In addition to the variables supported by the transport protocols
(for which the respective manual pages may be consulted),
the following general variables are defined:
.Bl -tag -width IPV6CTL_MAXFRAGPACKETS
.It Dv IPV6CTL_FORWARDING
.Pq ip6.forwarding
Boolean: enable/disable forwarding of
.Tn IPv6
packets.
Also, identify if the node is acting as a router.
Defaults to off.
.It Dv IPV6CTL_SENDREDIRECTS
.Pq ip6.redirect
Boolean: enable/disable sending of
.Tn ICMPv6
redirects in response to unforwardable
.Tn IPv6
packets.
This option is ignored unless the node is routing
.Tn IPv6
packets,
and should normally be enabled on all systems.
Defaults to on.
.It Dv IPV6CTL_DEFHLIM
.Pq ip6.hlim
Integer: default hop limit value to use for outgoing
.Tn IPv6
packets.
This value applies to all the transport protocols on top of
.Tn IPv6 .
There are APIs to override the value.
.It Dv IPV6CTL_MAXFRAGPACKETS
.Pq ip6.maxfragpackets
Integer: default maximum number of fragmented packets the node will accept.
0 means that the node will not accept any fragmented packets.
-1 means that the node will accept as many fragmented packets as it receives.
The flag is provided basically for avoiding possible DoS attacks.

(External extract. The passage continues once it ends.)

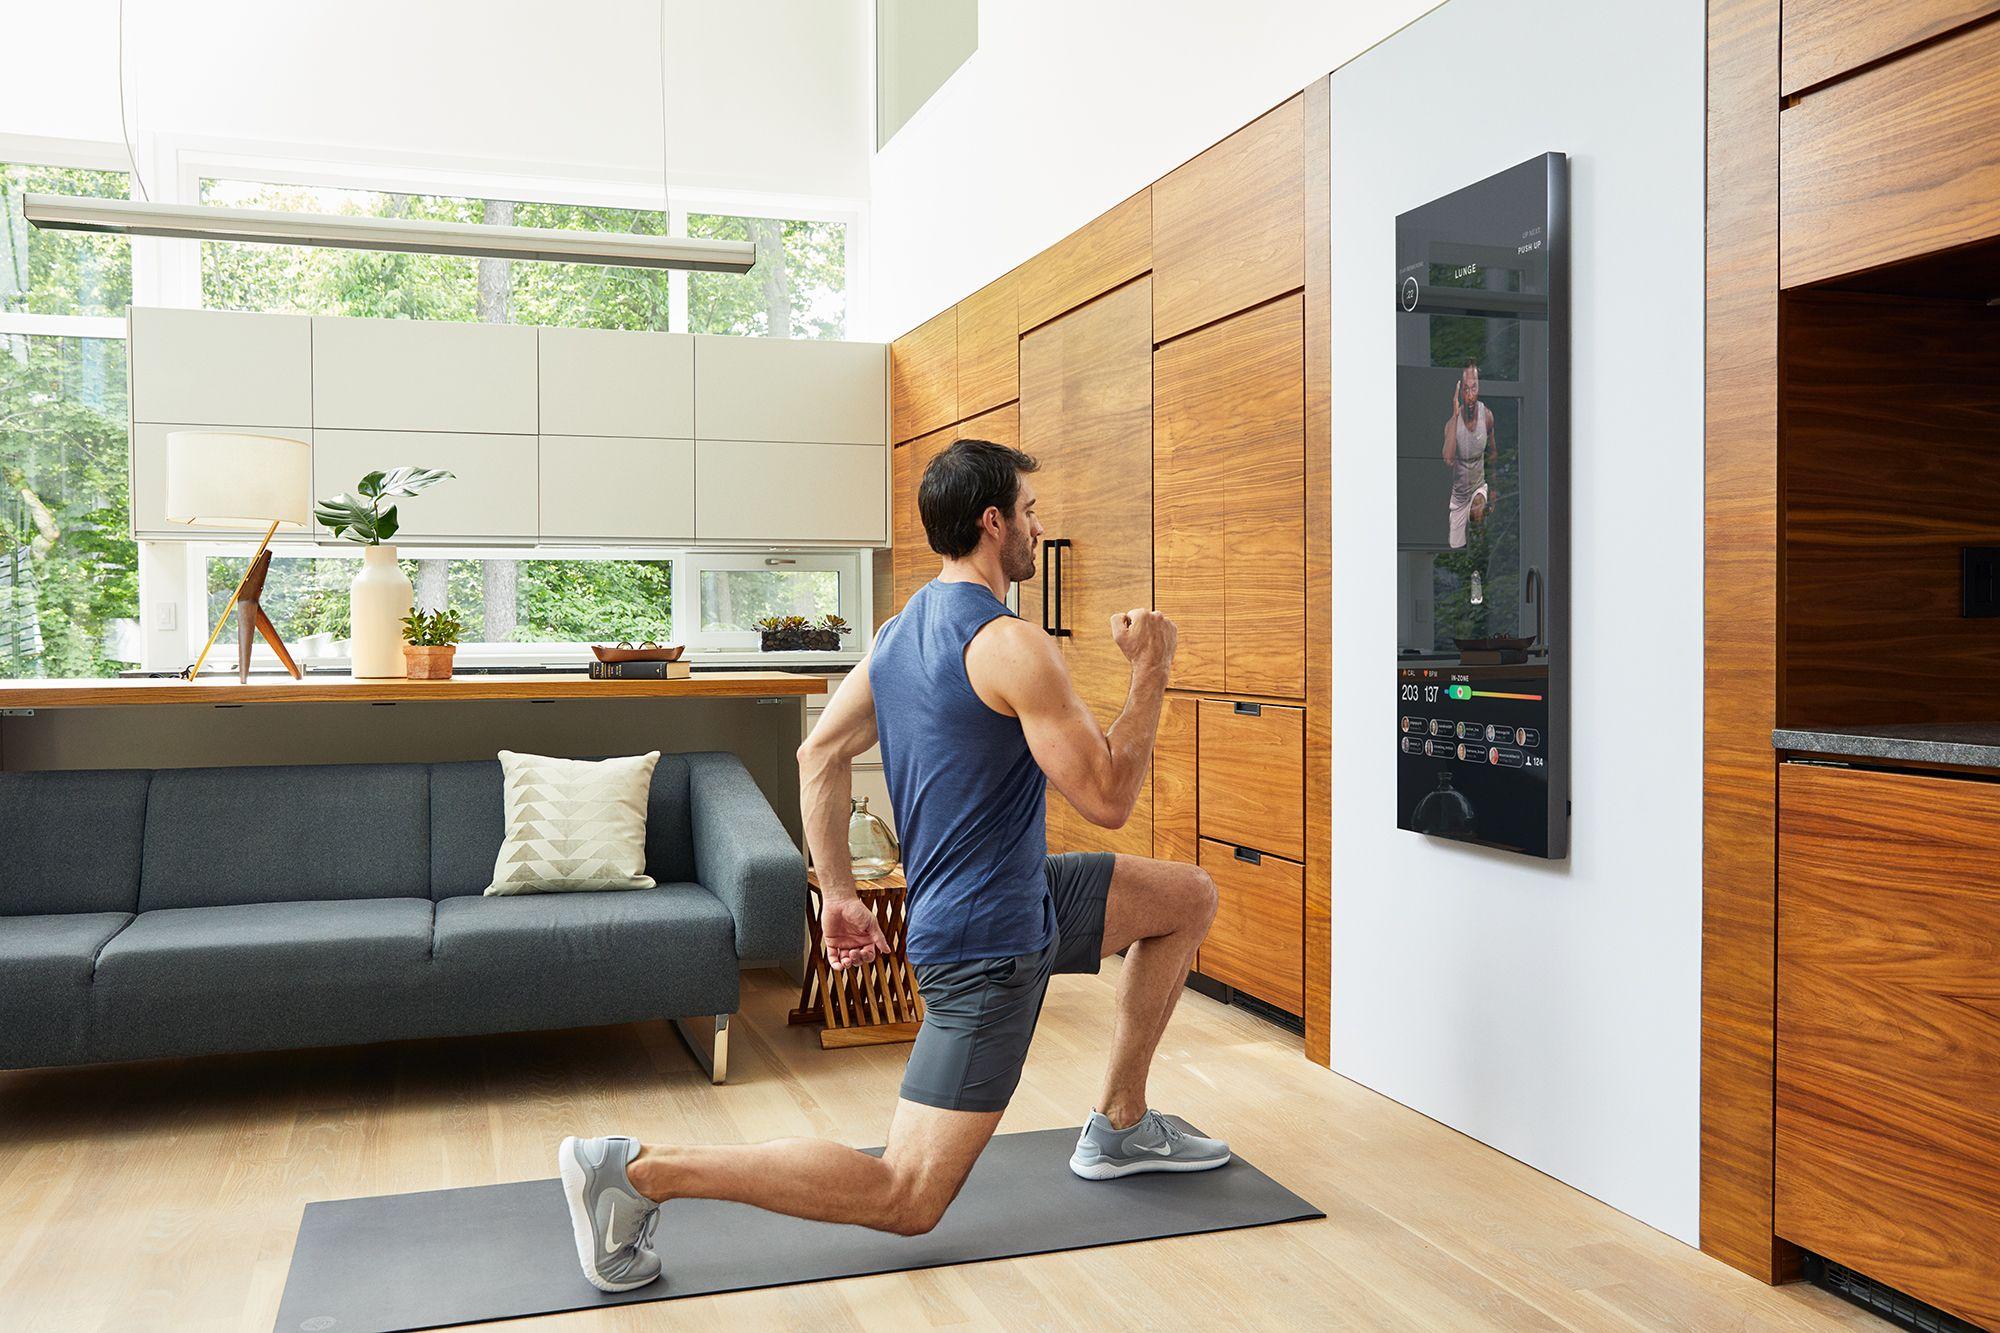 Men s health home fitness awards best home gym equipment

.It Dv IPV6CTL_ACCEPT_RTADV
.Pq ip6.accept_rtadv
Boolean: the default value of a per-interface flag to
enable/disable receiving of
.Tn ICMPv6
router advertisement packets,
and autoconfiguration of address prefixes and default routers.
The node must be a host
(not a router)
for the option to be meaningful.
Defaults to off.
.It Dv IPV6CTL_AUTO_LINKLOCAL
.Pq ip6.auto_linklocal
Boolean: the default value of a per-interface flag to
enable/disable performing automatic link-local address configuration.
Defaults to on.
.It Dv IPV6CTL_LOG_INTERVAL
.Pq ip6.log_interval
Integer: default interval between
.Tn IPv6
packet forwarding engine log output
(in seconds).
.It Dv IPV6CTL_HDRNESTLIMIT
.Pq ip6.hdrnestlimit
Integer: default number of the maximum
.Tn IPv6
extension headers
permitted on incoming
.Tn IPv6
packets.
If set to 0, the node will accept as many extension headers as possible.
.It Dv IPV6CTL_DAD_COUNT
.Pq ip6.dad_count
Integer: default number of
.Tn IPv6
DAD
.Pq duplicated address detection
probe packets.
The packets will be generated when
.Tn IPv6
interface addresses are configured.
.It Dv IPV6CTL_AUTO_FLOWLABEL
.Pq ip6.auto_flowlabel
Boolean: enable/disable automatic filling of
.Tn IPv6
flowlabel field, for outstanding connected transport protocol packets.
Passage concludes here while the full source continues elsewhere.